Geben Sie nach der Inkubation vorsichtig einen Milliliter vorgewärmtes EKG-Medium in jede Vertiefung. Stellen Sie die Platte für 24 Stunden bei 37 Grad Celsius und 5 % Kohlendioxid in einen Inkubator. Eine erhöhte Befestigungseffizienz von arteriellen Blättern wurde beobachtet, wenn ein 13 Millimeter unbehandelter Deckglas verwendet wurde, wodurch die Scherkräfte während der Entfernung minimiert wurden.
Nach 24-stündiger Kultur der Schweine-Halsschlagader im 2,5D-System ist zu prüfen, ob eine Keimangiogenese vorliegt. Wenn eine keimende Angiogenese beobachtet wird, aktualisieren Sie das EKG-Medium und platzieren Sie die 12-Well-Platte in der Tischhalterung in der 37 Grad Celsius vorgewärmten Inkubationsbox des Mikroskops. Wählen Sie das Mikroskopobjektiv basierend auf den Bildgebungsanforderungen aus.

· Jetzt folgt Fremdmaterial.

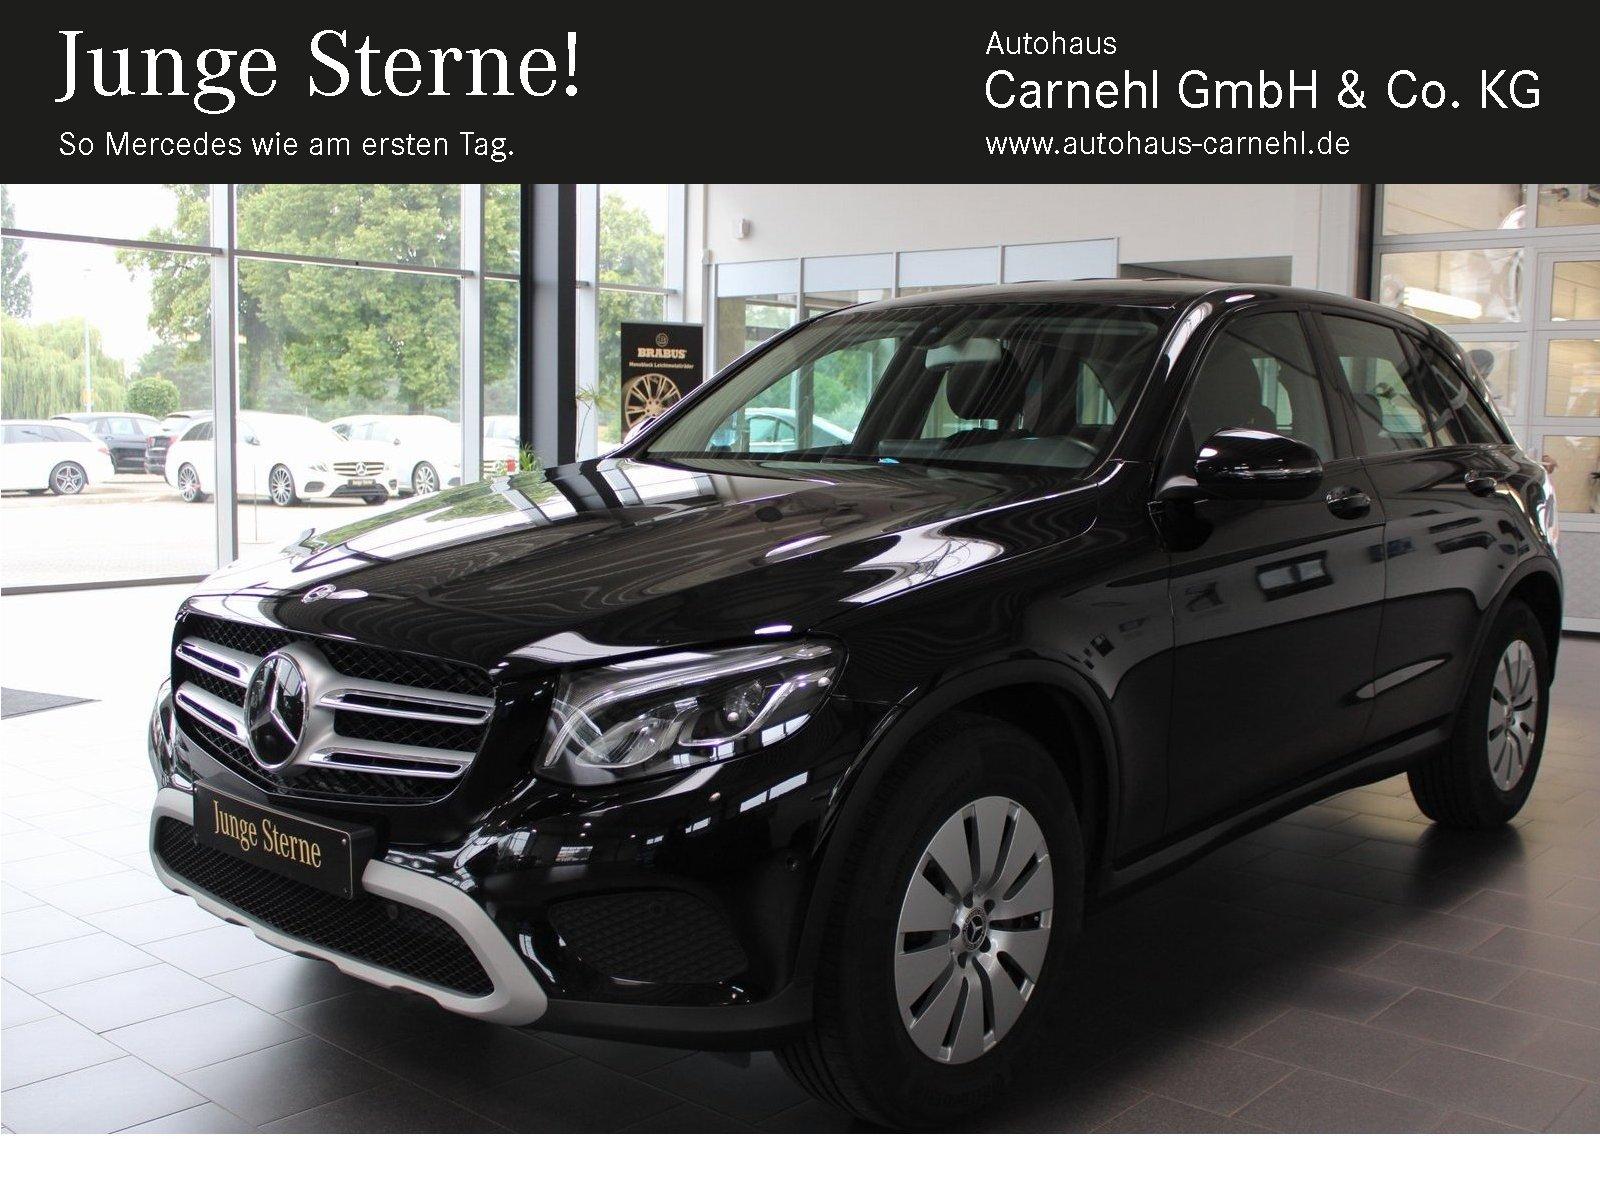 Mercedes-Benz GLC 250 d 4M+Distronic+AHK+LEDsw+PArkassi+Garmin, Jahr 2018, Diesel
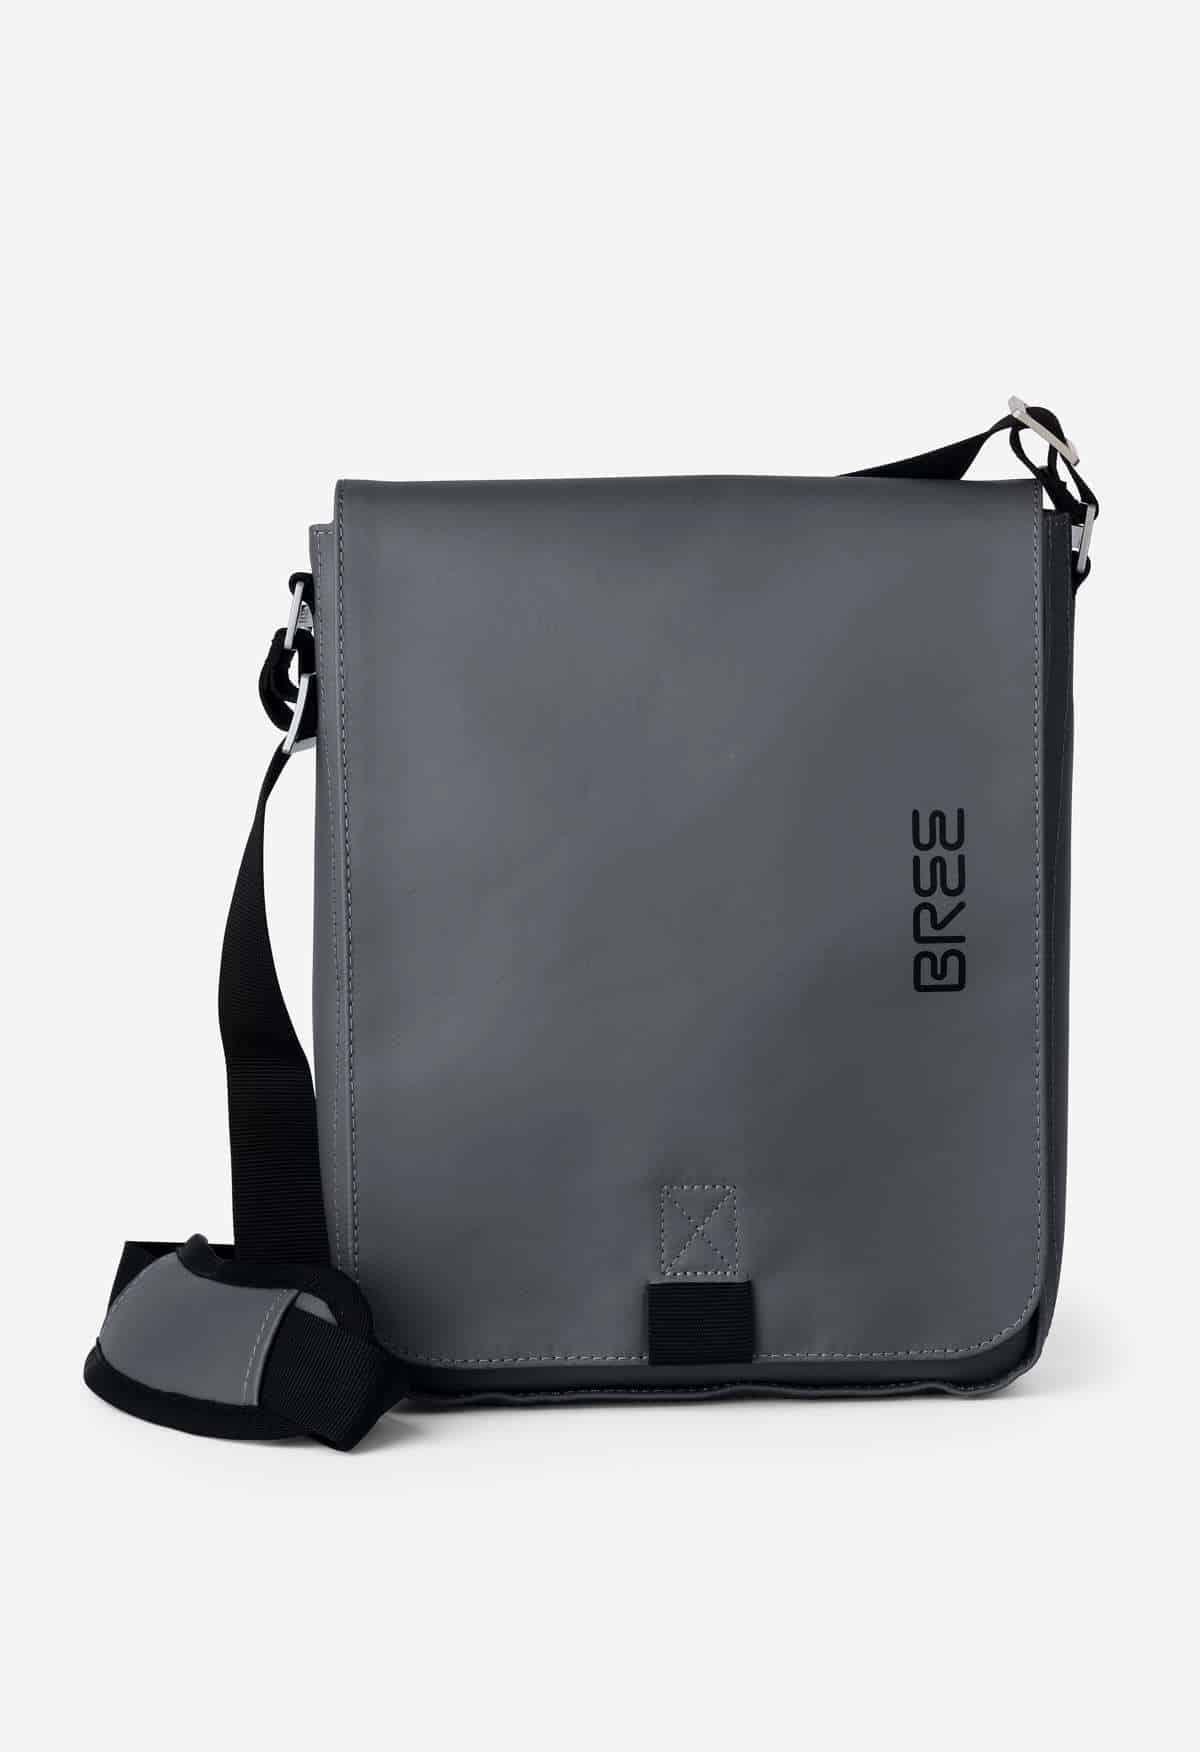 83f02f3a037b2 BREE Punch 52 Messenger Tasche - stylekrone.com

Stellen Sie die Belichtungszeit ein und stellen Sie die Fokusebene mit Hilfe der Phasenkontrastbildgebung ein. Fügen Sie dann den Fluoreszenzkanal für die Abbildung der fluoreszierenden Kügelchen hinzu und stellen Sie die Belichtungszeit erneut ein. Wählen Sie mehrere interessante Bereiche im Sample aus und passen Sie die Fokusebene für jede Position an.
Definieren Sie den interessierenden Zeitraffer, indem Sie ein Zeitintervall von 5 bis 20 Minuten und eine Dauer von 4 bis 24 Stunden auswählen. Schalten Sie das Fokussystem ein, um während der gesamten Zeitrafferaufnahme einen stabilen Fokus zu erhalten. Geben Sie als nächstes für die Zugkraftmikroskopie 5 % SDS in Reinstwasser in die Vertiefung und warten Sie einige Minuten, bis sich die herauswachsenden Zellen abgelöst haben.
Erfassen Sie für jede ausgewählte Position einen Z-Stapel von Fluoreszenzmarkern im PAA-Substrat, um einen entspannten Zustand der Fluoreszenzmarker als Referenzbild zu erhalten. Mit benutzerdefinierten MATLAB-Codes können Sie Zeitraffer- und Referenzbilder für die Bildverarbeitung auswählen und Parameter für die Analyse definieren. Richten Sie die Zeitrafferbilder relativ zum besten Referenzbild aus und schneiden Sie sie zu, um eine präzise Analyse zu gewährleisten.
Messen Sie die Verschiebung von Fluoreszenzmarkern im PAA-Hydrogel, indem Sie eine Partikelbild-Vel-Asymmetrie zwischen dem Zeitrafferbild und dem Referenzbild durchführen. Konfigurieren Sie die Bildvel-Asymmetrie-Analyse, um die Bilder in Abfragefenster von 32 x 32 Pixeln mit einer Überlappung von 0,5 zu unterteilen. Berechnen Sie abschließend die zellulären Zugkräfte basierend auf den mechanischen Eigenschaften des PAA-Gels.
Die Bildung von zellulären Sprossen wurde in den 2,5D- und 3D-Modellen der arteriellen Schicht des Schweins beobachtet, die angiogenen Mustern ähneln, während das 2D-Modell keine sprießende Angiogenese zeigte. Die Steifigkeit des weichen Substrats des PAA-Hydrogels förderte die frühe Angiogenese der arteriellen Keimung im Vergleich zu einem steiferen PAA-Substrat und zeigte Effekte auf die Matrixsteifigkeit. Die Zugkraftmikroskopie zeigte, dass zelluläre Sprossen Zugkräfte an Vorsprüngen und Schubkräfte entlang der Sprossenachse zeigten, angetrieben von Vor- und Nachlaufzellen.